Он присунулся к Петькиному лицу своим изуродованным лицом, вместо носа, вырванного клещами палача, у него чернела дыра.

— Гляди, говорю! Вот тебе царицына правда. Вот!.. Кнутом били, ноздри рвали. Вот и вся их правда!..

Петька испуганно отпихнул Хлопушу, торопливо закрестился.

— Уйди, уйди, сатана! Не совращай! Не пойдем за тобой на богомерзкое дело. Присяге не изменим! А твой царь — антихрист! Чучело он, а не царь. Чу…

Хлопуша обеими руками сдавил Петьке горло. Навалившись на него всей тяжестью тела, начал пригибать к земле, спрашивая не спеша, спокойно, с холодной злобой:

— Чучело, говоришь? Не царь? Чучело, а?

У Петьки подгибались ноги. Хрипя и цепляясь ослабевшими пальцами за душившие его руки, он медленно оседал на землю.

— Пусти, задавишь! — Беловолосый дернул Хлопушу за рукав. И Хлопуша послушно выпустил Петьку, обессиленно упавшего на желтые дубовые листья, устилавшие землю.

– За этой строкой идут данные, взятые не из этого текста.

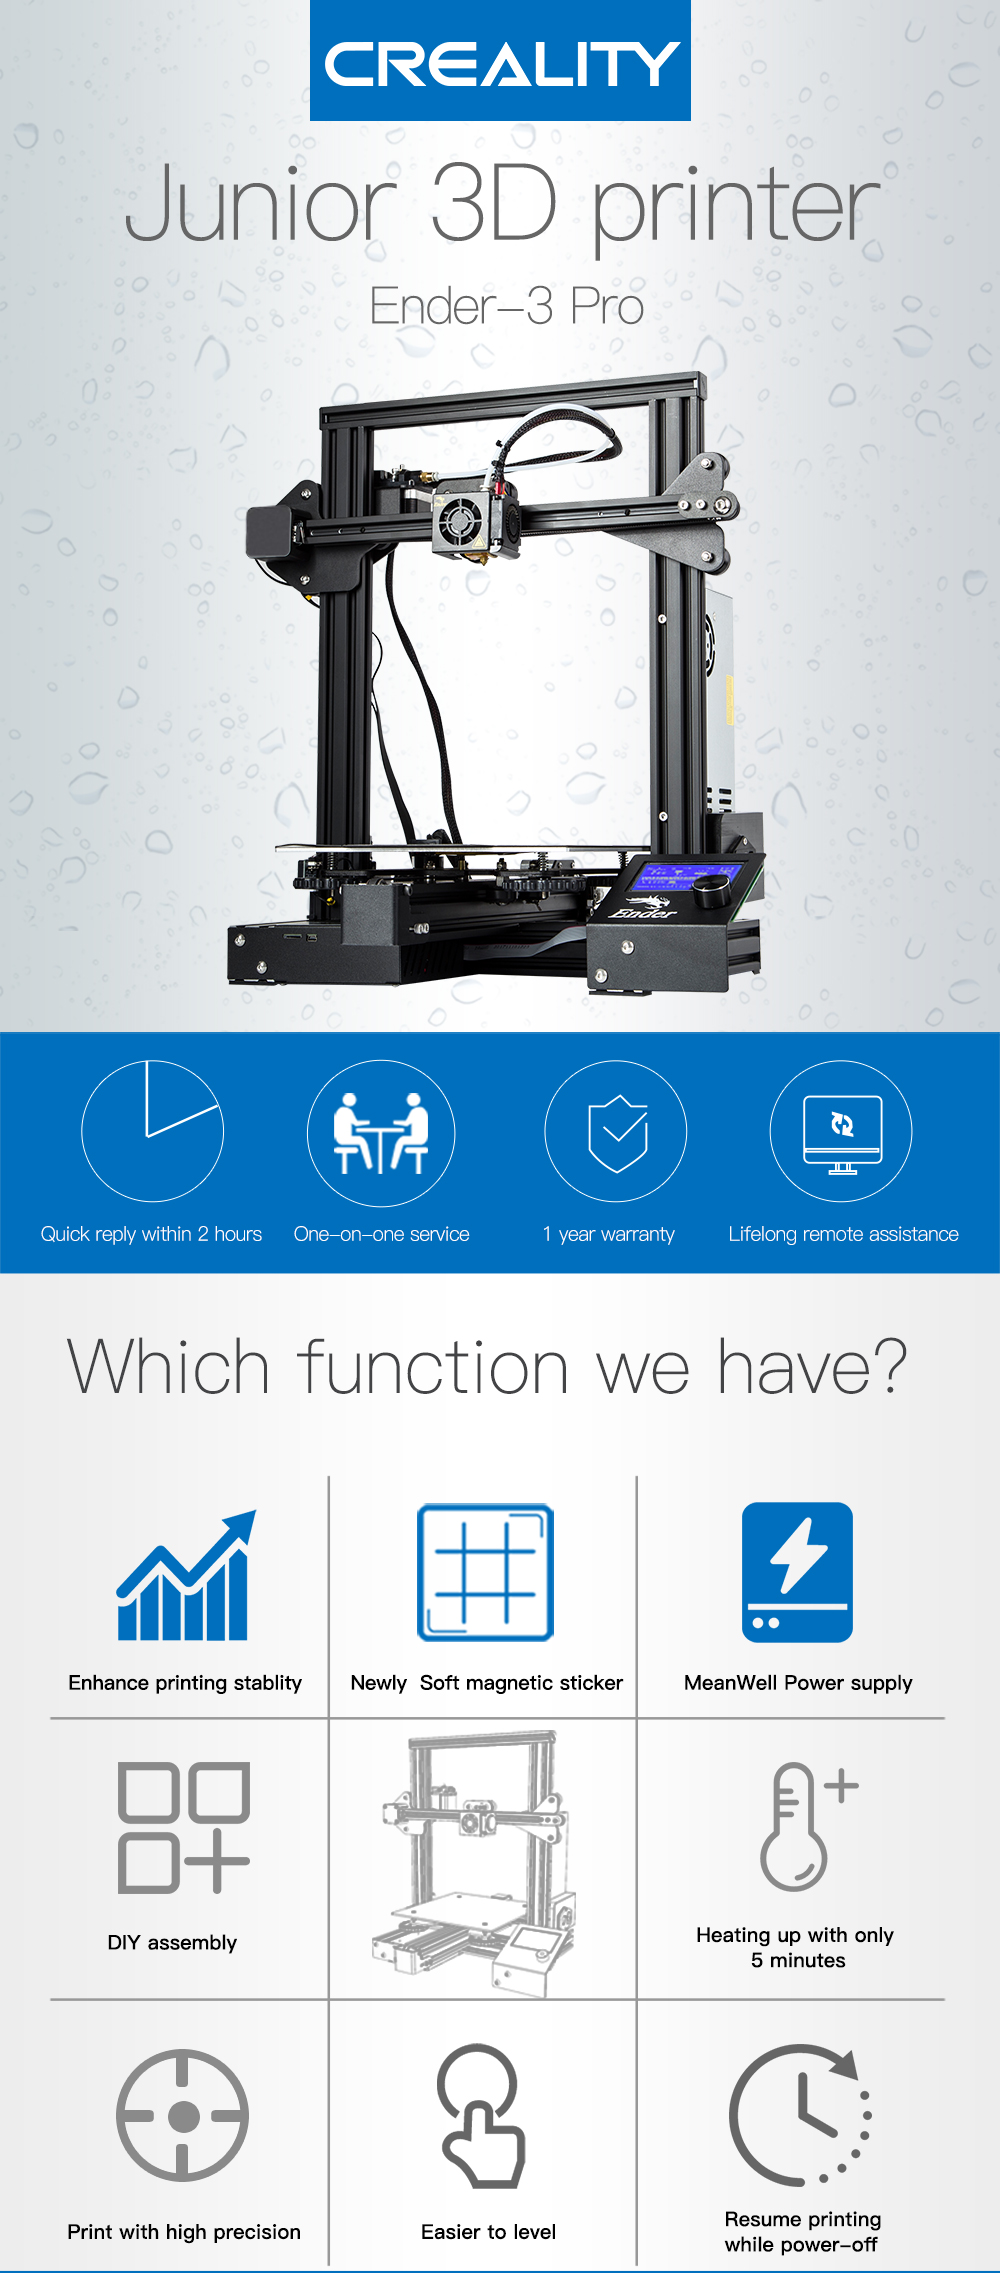 Creality 3D® Ender-3 Pro DIY 3D Printer Kit 220x220x250mm Printing Size With Magnetic Removable Platform Sticker/Power Resume Function/Off-line Print/Patent MK10 Extruder/Simple Leveling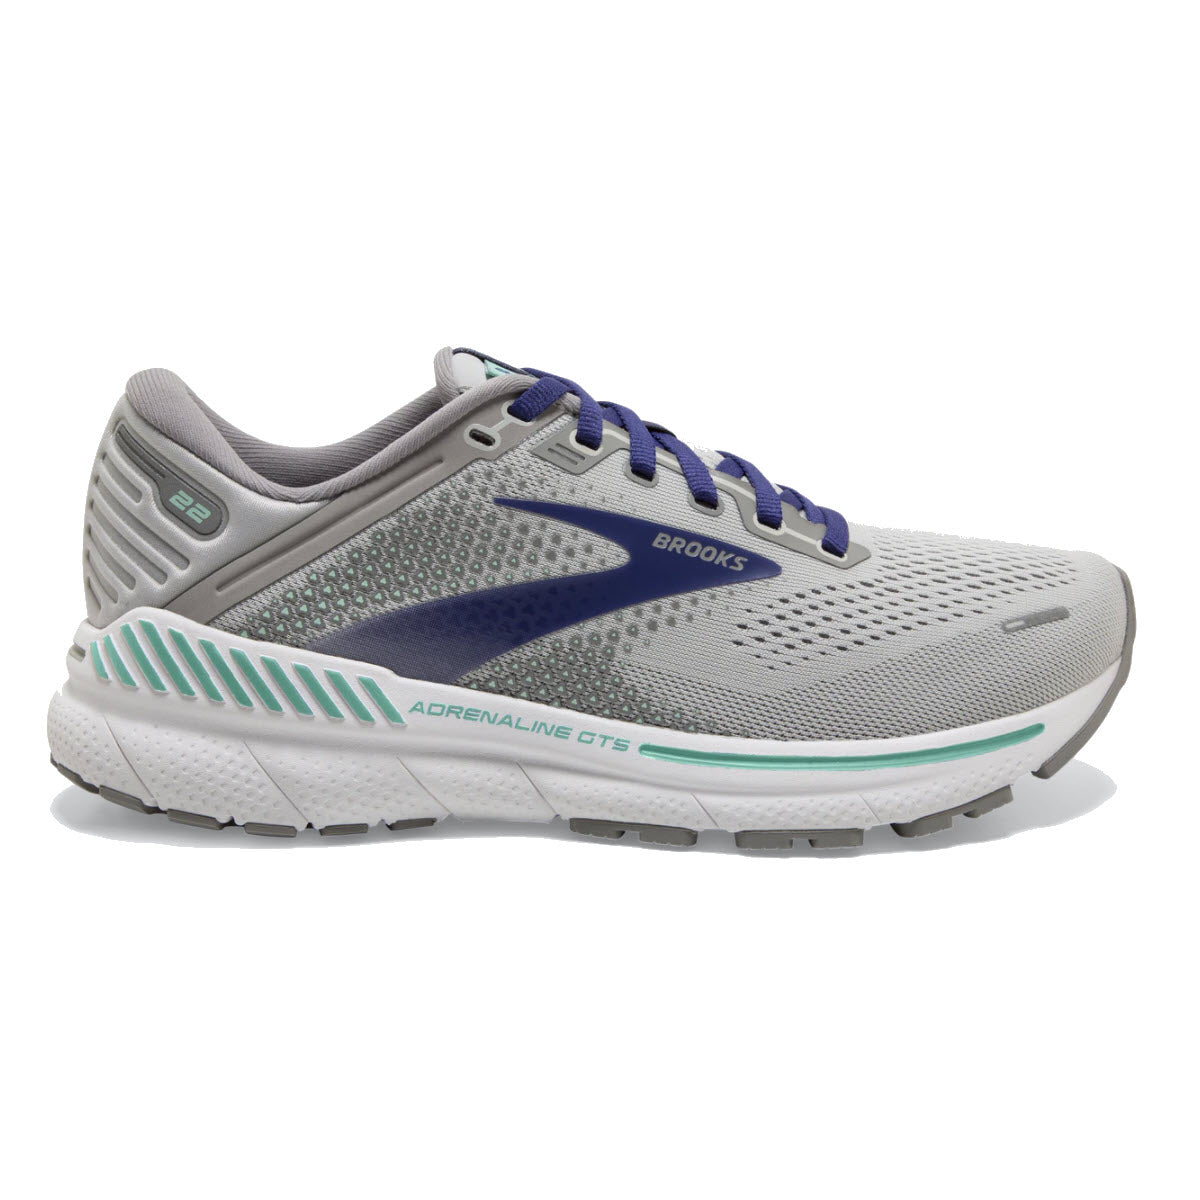 A gray and white Brooks Adrenaline GTS 22 Alloy/Blue/Green running shoe.

— А ты, кликуша, — строго сказал беловолосый Толоконникову, — лучше помолчи с царицыной правдой. От этакой правды запоешь матушку-репку. Я тоже на своем хребту правду испытал. Теперь и ты, Хлопуша, погляди.

Беловолосый стянул зипун, заворотил рубаху, и все увидели на спине и боках его белесые борозды глубоких рубцов.

— Вижу, тоже меченый! — невесело засмеялся Хлопуша. — Где тебя так?..

— Плетью-шестихвосткой лупцевали. В Каслях дело было. Кыштымские и каслинские работные людишки взбунтовались тогда. «Мы-де были приписаны к заводам на три года и свое уже отработали. Пусть теперь другие слободы помучаются». Приказчиков избили, а управителя в конторе заперли, хотели голодом уморить, если увольнение не даст[5]. А тут драгуны наехали, кого перестреляли, кого перепороли и к работам вновь принудили. Я тогда мальчонкой был, в драгун камнями пулял и на офицера с палкой бросился. За что капитан и ободрал мне кожу шестихвосткой.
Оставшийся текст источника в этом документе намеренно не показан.